What I AM, however, is a representative member of the target audience for the “Drive for Five” campaign, except that I am not comfortable driving a stick shift — in fact, I don’t think I ever drove a stick shift car in fifth gear! I guess I don’t “measure up” as a good target for Androgel advertising after all 🙁
It seems that “driving” is a theme used by many pharmaceutical marketers. Recall, for example, Boehringer Ingelheim’s “Drive for COPD” campaign (see “Danica Patrick: NASCAR Driver, Super Model, Superbowl Lingerie Ad Model, & COPD Spokesperson All Rolled Into one!“) and Novo Nordisk’s “Drive with Insulin” campaign, which posted the branded tweet heard round the world (see here).
So I’m not giving the “Drive for Five” campaign many kudos for being innovative. In fact, it’s a bit “derivative” in that “Drive for Five” is a campaign slogan used by many other brands as evidenced by these images found via a Google search:
Shell, Pepsi, New York Islanders, and Nike have all used that service/trade mark. I’m not a trademark lawyer, but Shell may contest AbbVie’s registration of the “Drive for Five” trademark. Shell registered this mark in August, 2011, whereas Abbott Labs registered it in April 2012.
Lastly, urging men to know their testosterone levels is another example of how pharmaceutical companies manipulate numbers to suggest that more of us require treatment than would otherwise be the case. How do they do this? By influencing treatment guidelines recommended to physicians by their professional societies such as the Endocrine Society Clinical Practice Guideline for Testosterone Therapy in Adult Men with Androgen Deficiency Syndromes (find it here). Here’s a screen shot of the financial disclosure page of that guideline (click on it for a larger view):
Six out of the seven task force members have received payments from Abbott Laboratories and other pharma companies. According to the Institute of Medicine
(IOM) Standards for Trustworthiness of practice guidelines, none, or at most a small minority, of guideline development group members should have conflicts, including services from which a clinician derives a substantial proportion of income. In particular, says IOM, the chair and co-chair should not have conflicts. Shalender Bhasin, M.D. — the task force chair for the Endocrine Society Clinical Practice Guideline for Testosterone Therapy — received consultation fees from GSK and Merck and research grants and “Other Research Support” from Abbott Laboratories, Ligand, and Merck.

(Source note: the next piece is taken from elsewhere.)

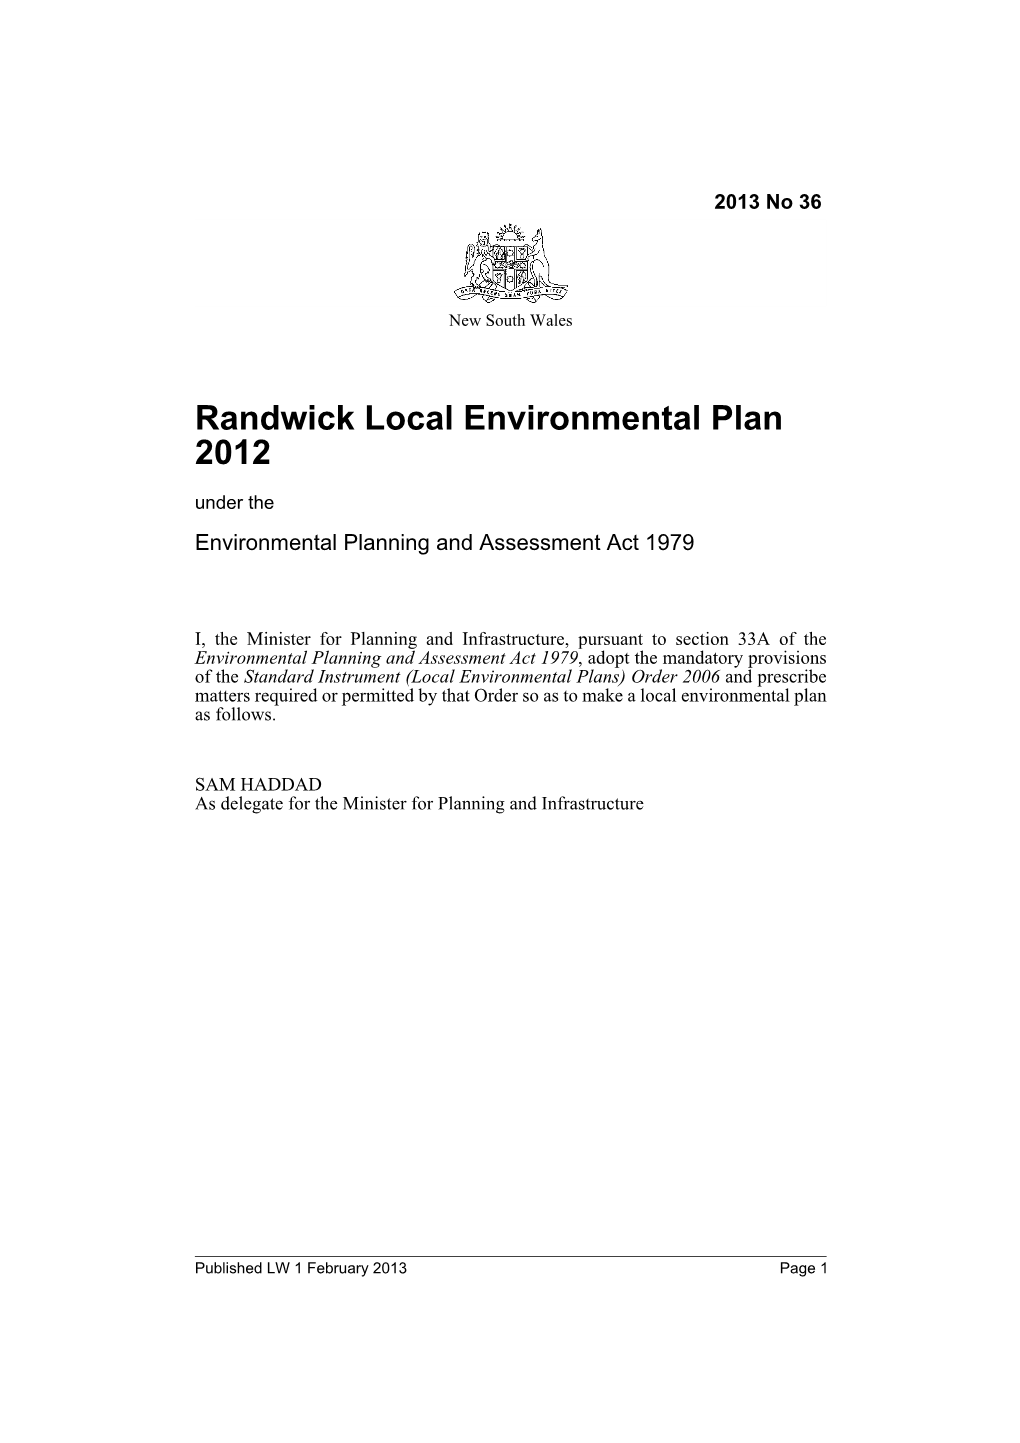 Randwick Local Environmental Plan 2012 Under the Environmental Planning and Assessment Act 1979

This, no doubt, is a “conflict of interest” regarding when physicians should “measure up” their male patients; i.e., perform a test to measure their testosterone levels. In the recent past, another conflict of interest may have been at play because Abbott both marketed Androgel and supplied the testosterone testing services. Now that Abbott Labs and AbbVie are separate companies, there is no conflict of interest between Androgel promotion (handled by AbbVie) and testosterone testing (handled by Abbott Labs, I assume).

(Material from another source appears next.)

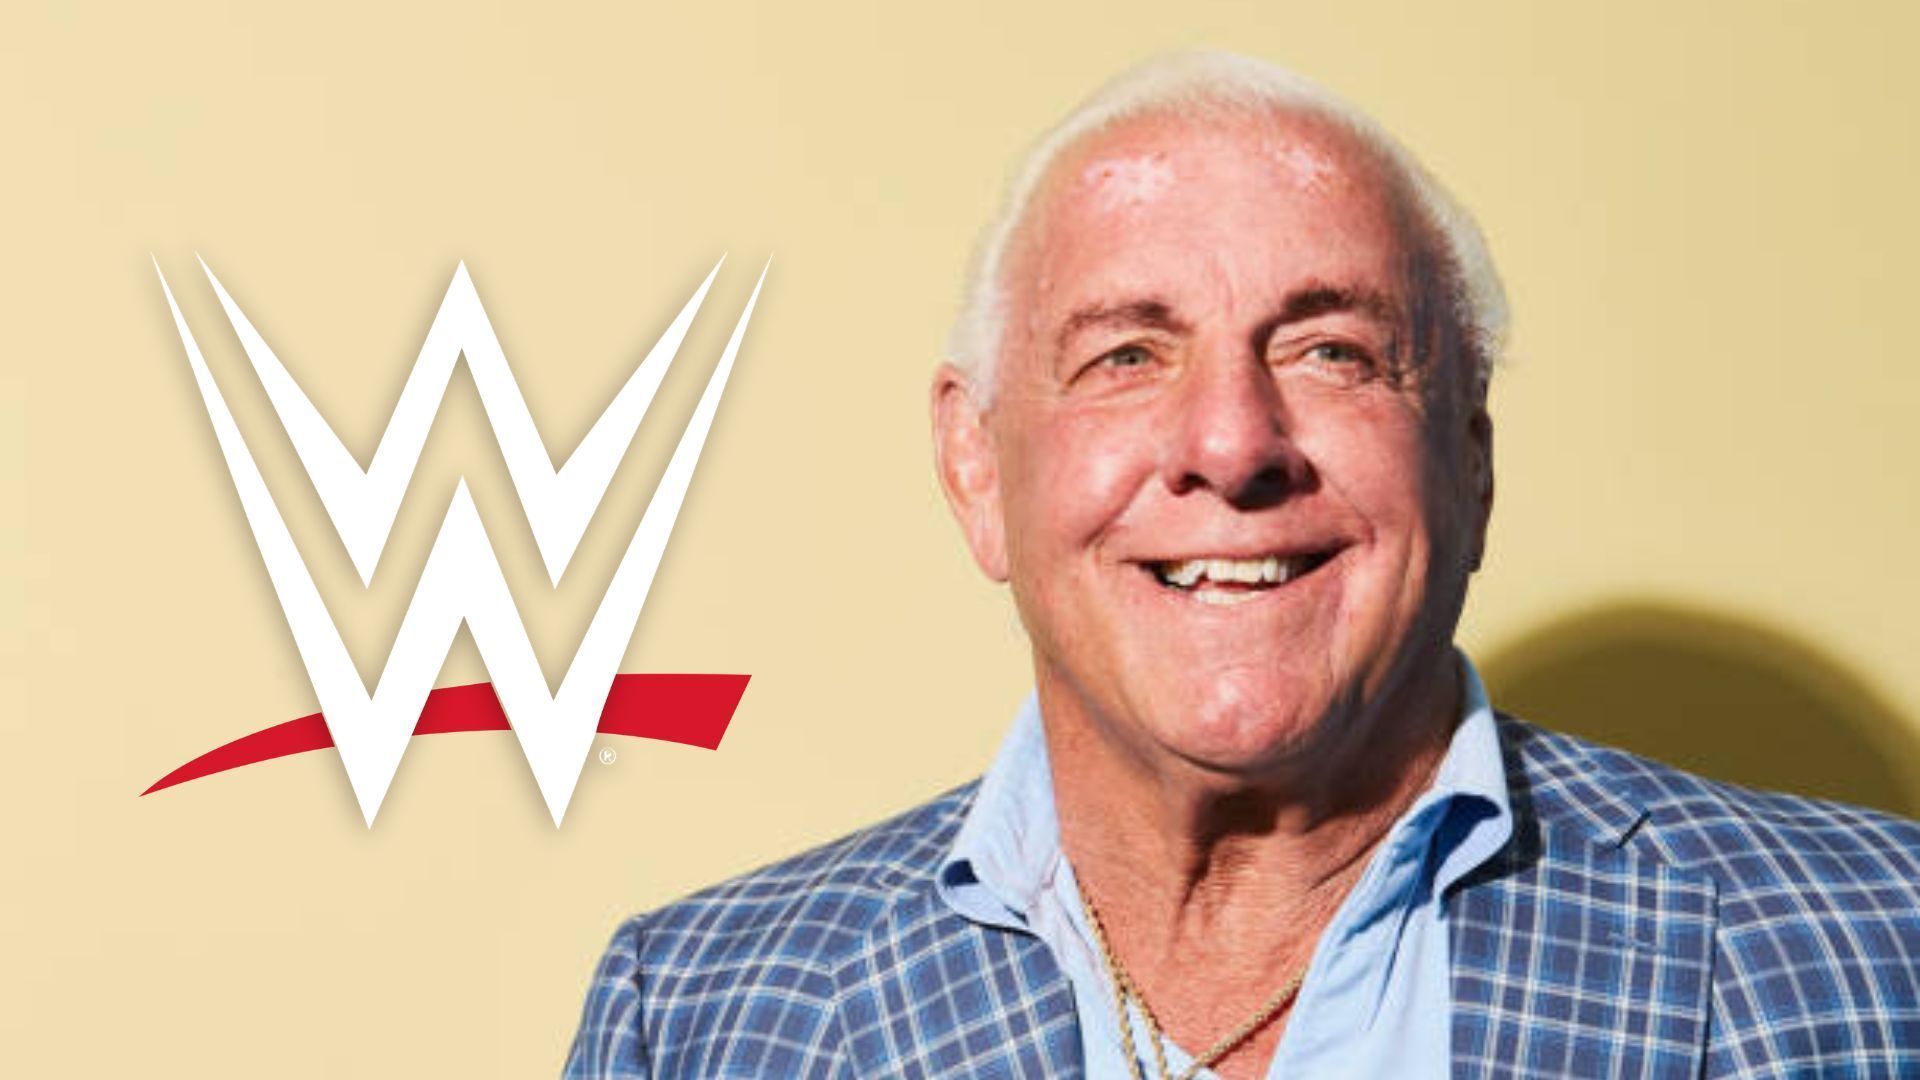 Ric Flair is one of the most successful professional wrestlers of all time.

BTW, I notice that the “Drive for Five” gearshift does not have “reverse.” I can only guess why the marketers omitted it. There must have been some “cons” and “pros” expressed by the team. One “con” may have been that “reverse” connotes negativity. A “pro” argument could have been that “reverse” could signify a reversal in the aging process — like regaining energy, libido, etc. Oh wait, that might been interpreted by the FDA as overstating efficacy or promoting “off-label.”